Exercise requirements:
What's needed is an exact copy of the lines from the one that contains "9cbd37681 cabeceira estofada" to the end of the data below, leaving the pictures out.

Information shown:
Segment Open

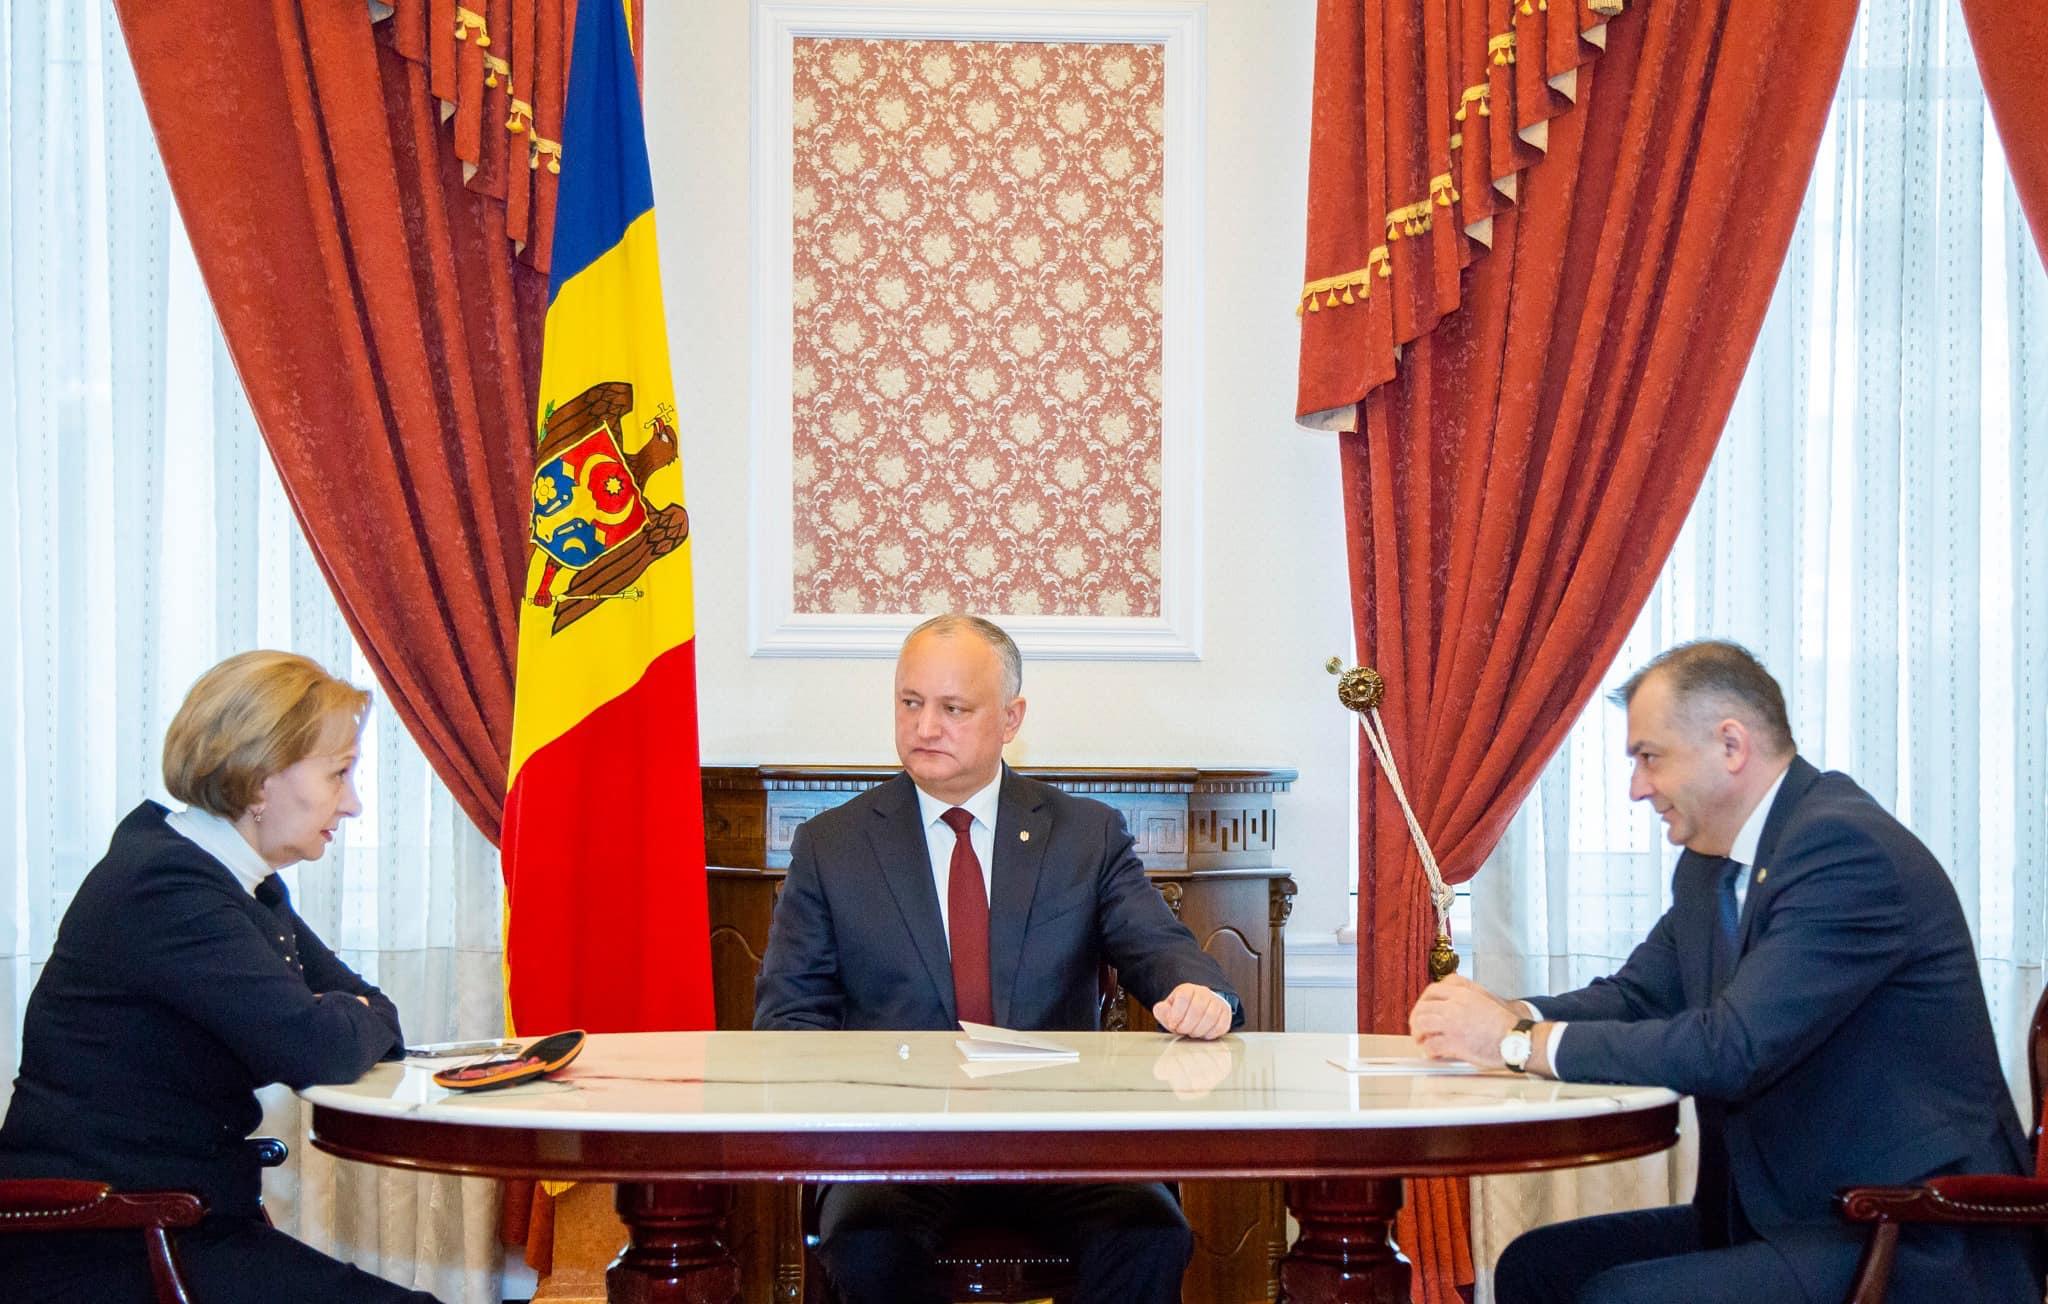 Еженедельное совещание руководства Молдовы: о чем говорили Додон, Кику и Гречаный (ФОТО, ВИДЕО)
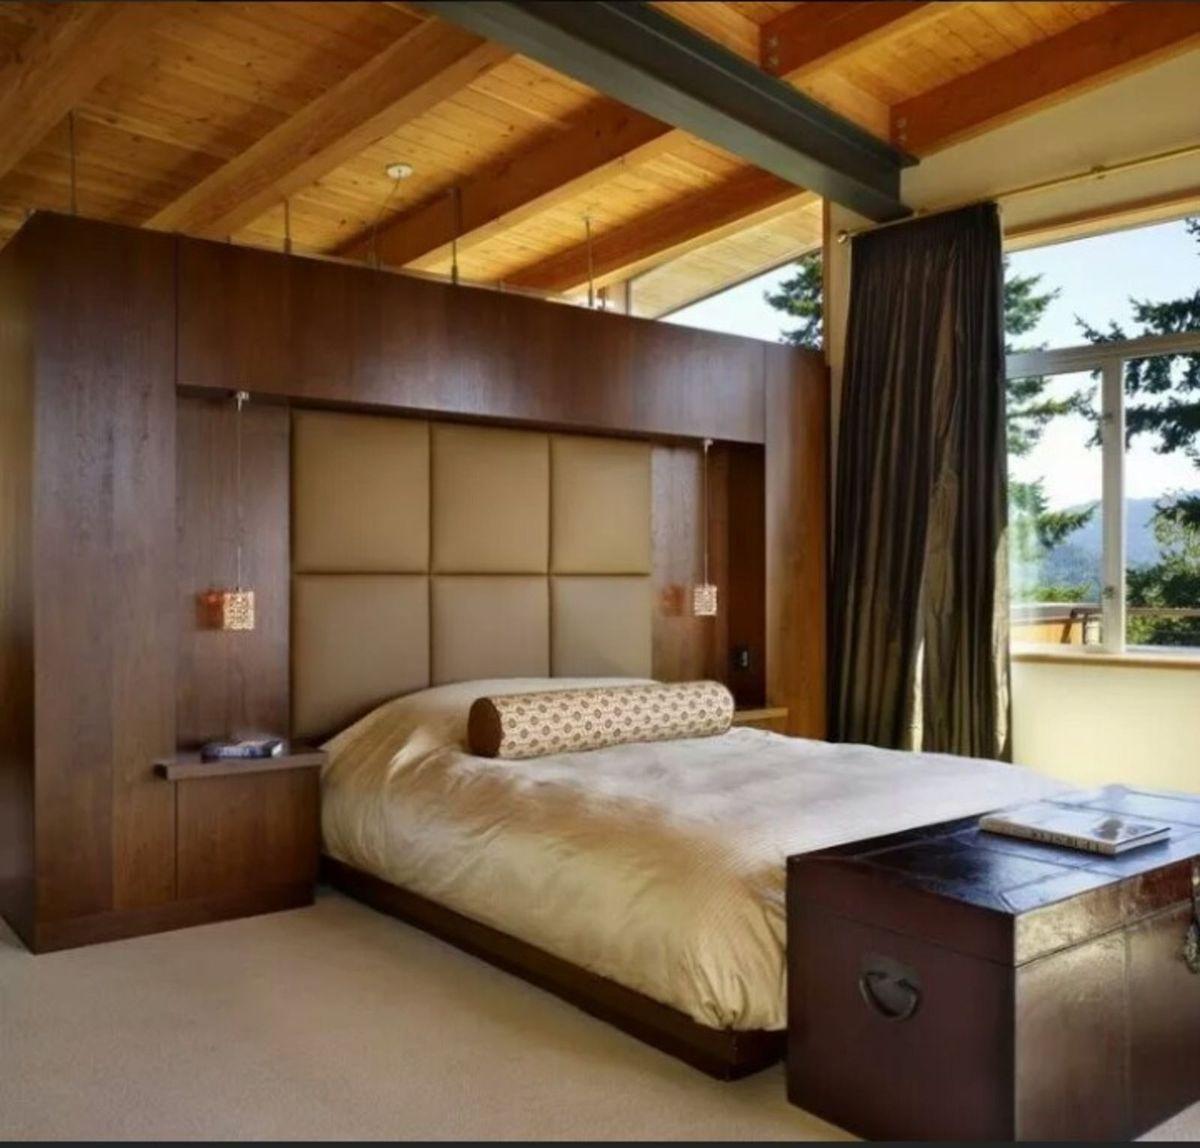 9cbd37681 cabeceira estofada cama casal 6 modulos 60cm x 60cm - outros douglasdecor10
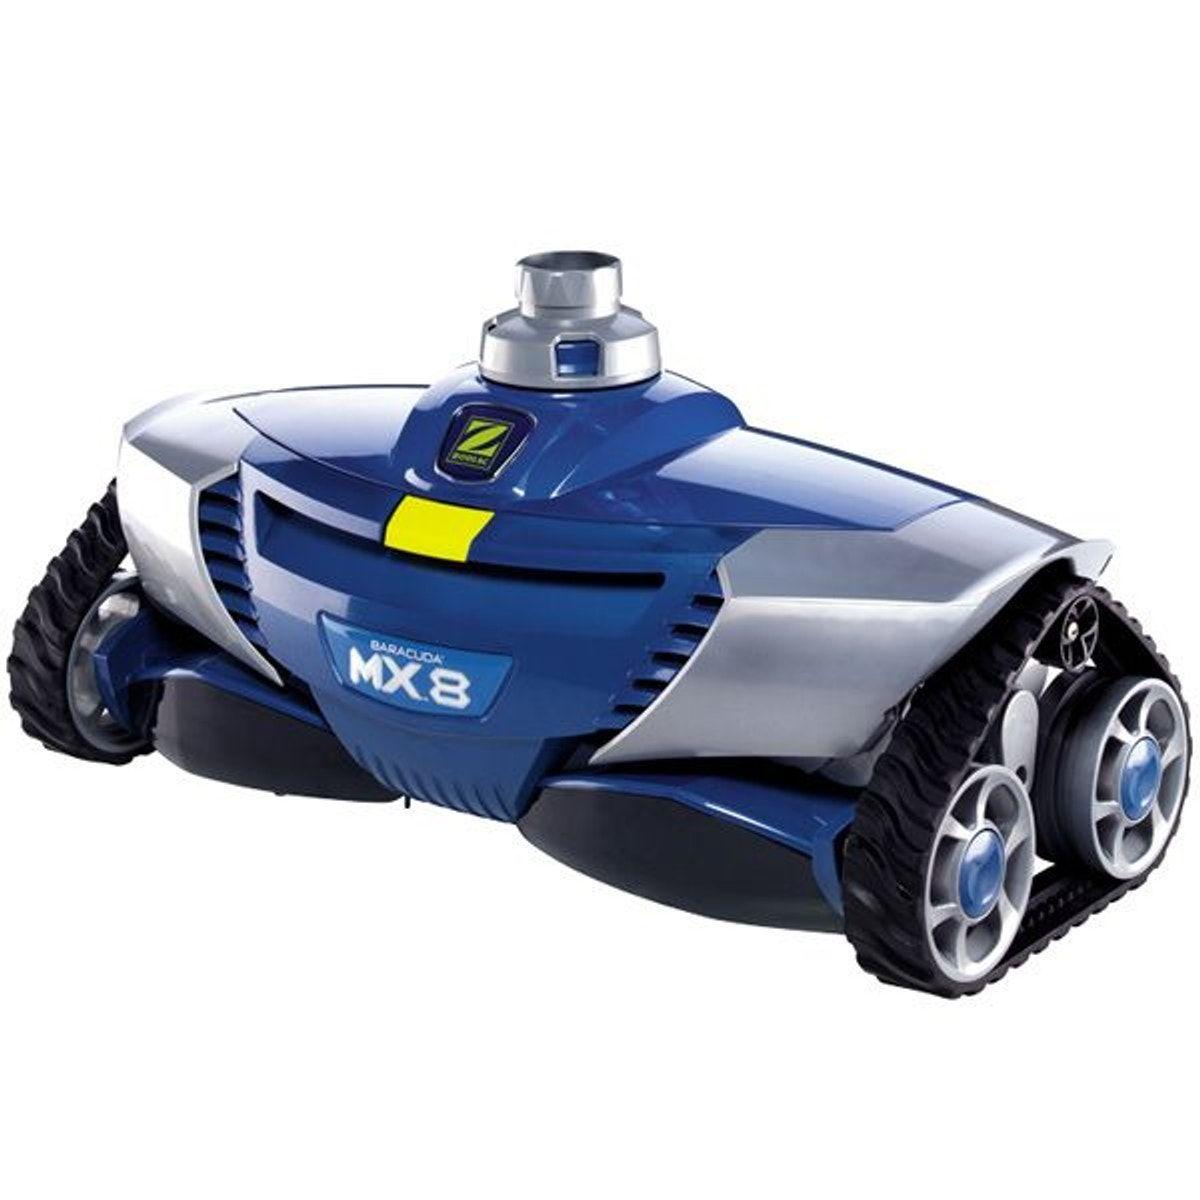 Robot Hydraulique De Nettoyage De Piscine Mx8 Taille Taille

Segment Closed

Exercise result:
 9cbd37681 cabeceira estofada cama casal 6 modulos 60cm x 60cm - outros douglasdecor10
 Robot Hydraulique De Nettoyage De Piscine Mx8 Taille Taille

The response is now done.